Data block

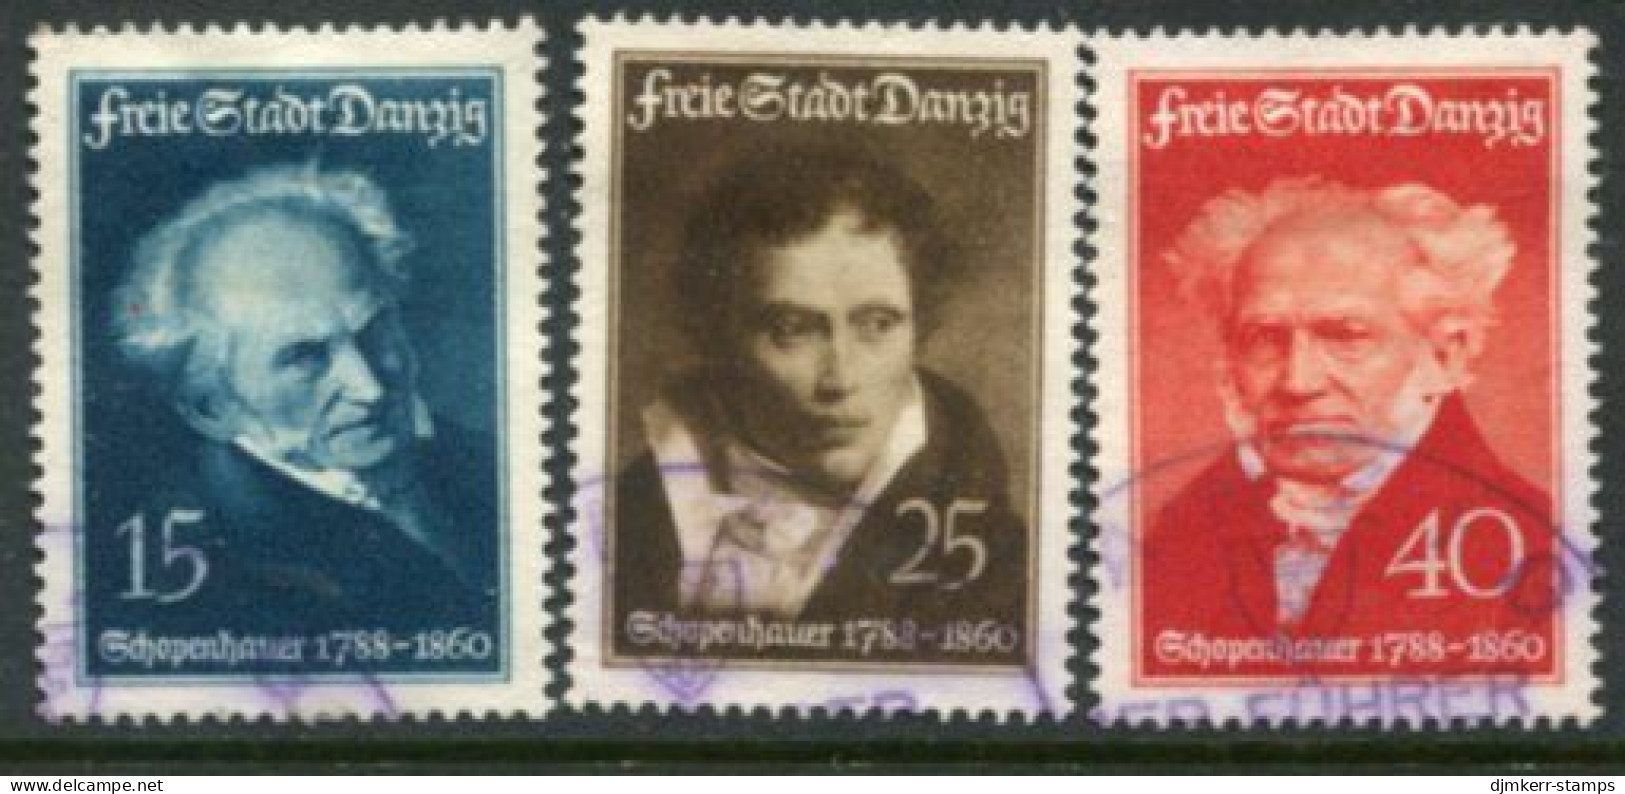 DANZIG 1938 Schopenhauer Birth Anniversary Used  Michel 281-83 - Used
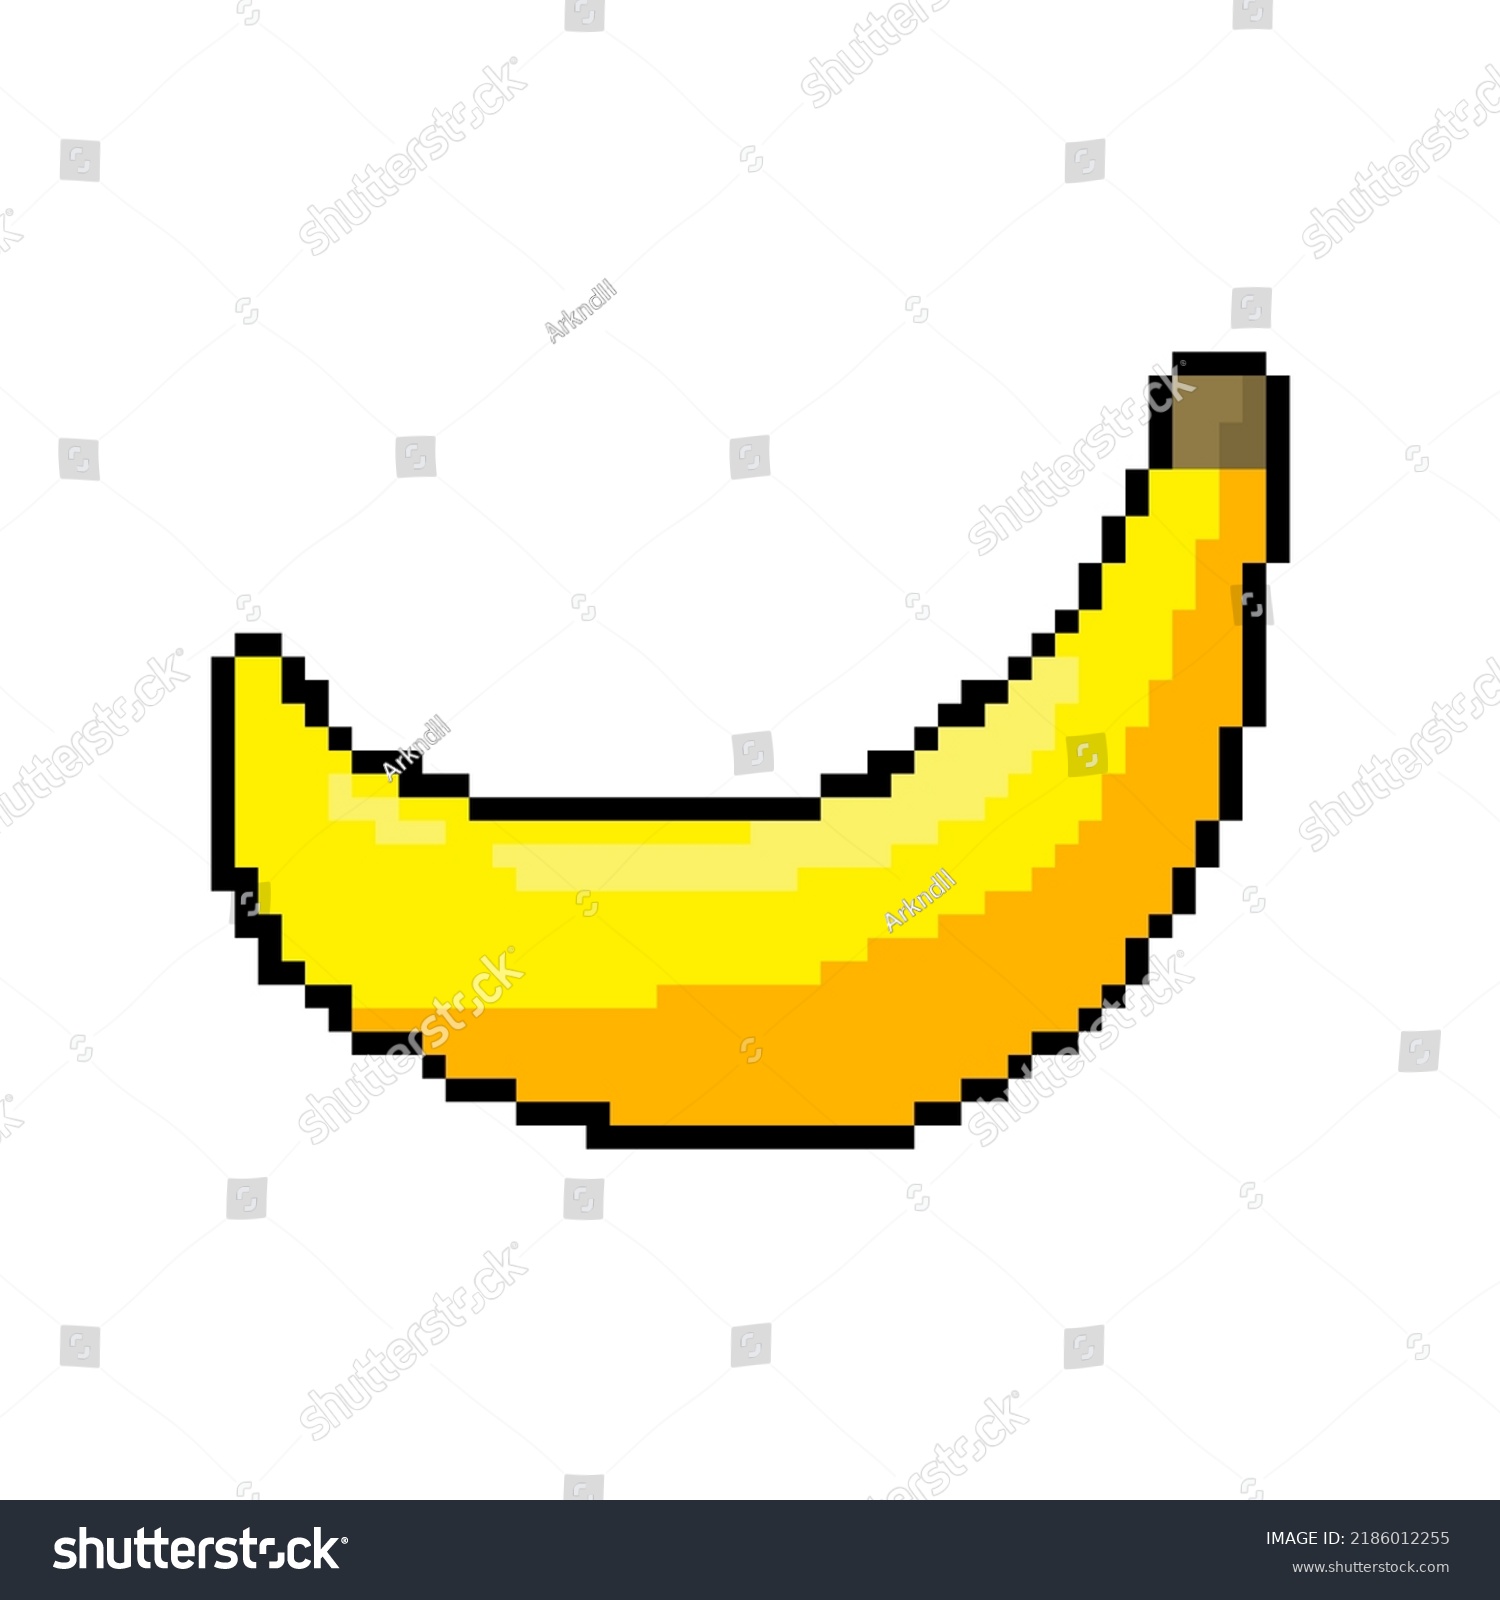 Yellow Banana Pixel Art Stock Illustration 2186012255 | Shutterstock
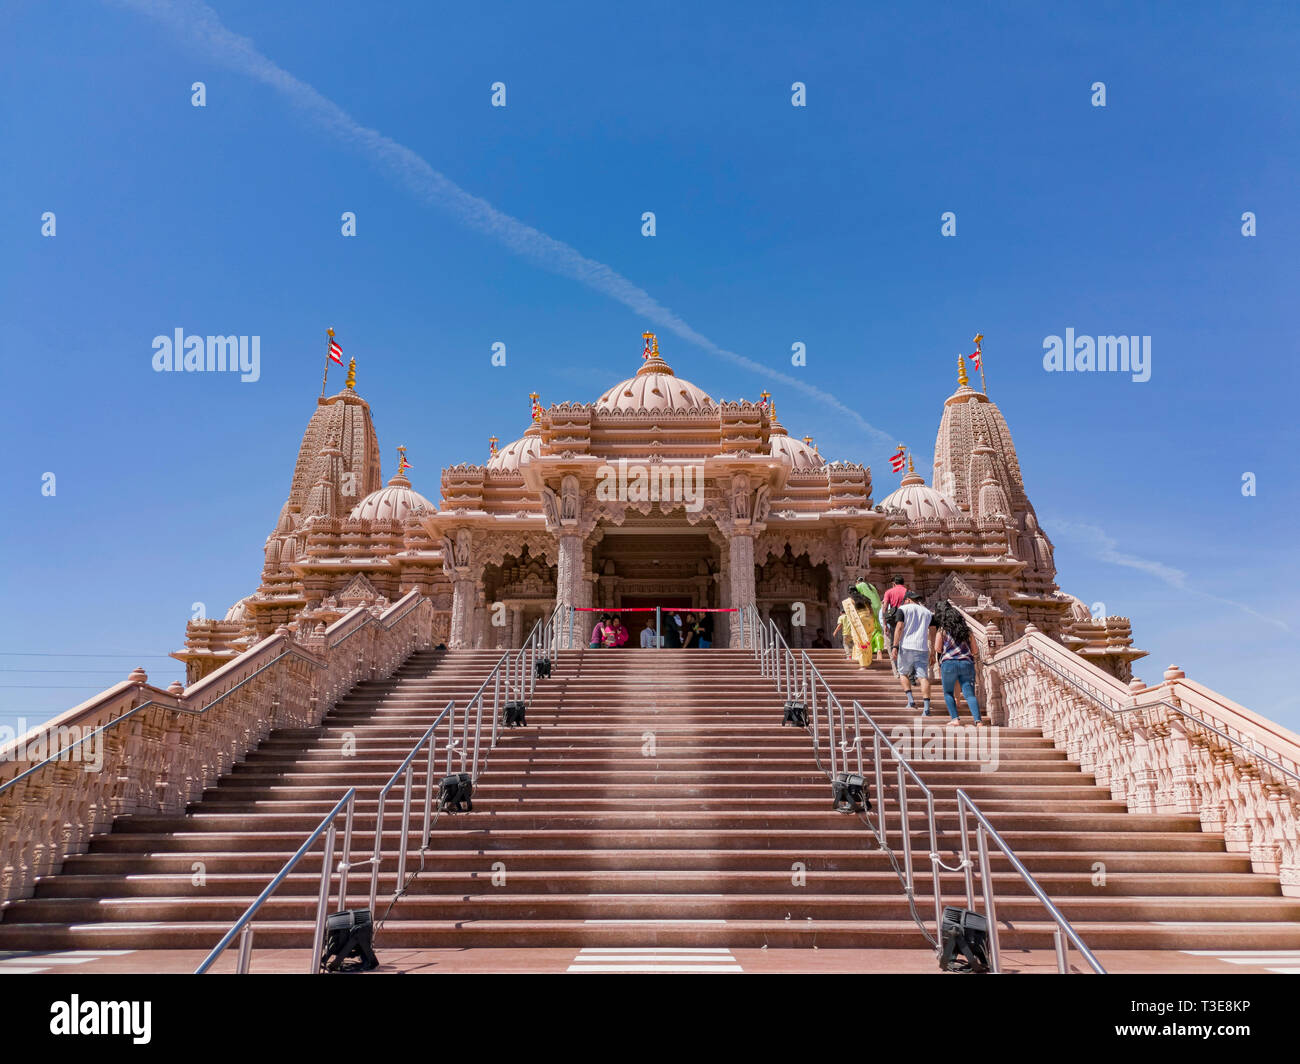 Le Chino Hills, MAR 31 : Vue extérieure de la célèbre temple BAPS Shri Swaminarayan Mandir le Mar 31, 2019 à Chino Hills, Los Angeles County, Californie Banque D'Images

Your assignment
From the first line to the last, transcribe the listing exactly; skip the pictures.

Result for this exercise
 DANZIG 1938 Schopenhauer Birth Anniversary Used  Michel 281-83 - Used
 Yellow Banana Pixel Art Stock Illustration 2186012255 | Shutterstock
 Le Chino Hills, MAR 31 : Vue extérieure de la célèbre temple BAPS Shri Swaminarayan Mandir le Mar 31, 2019 à Chino Hills, Los Angeles County, Californie Banque D'Images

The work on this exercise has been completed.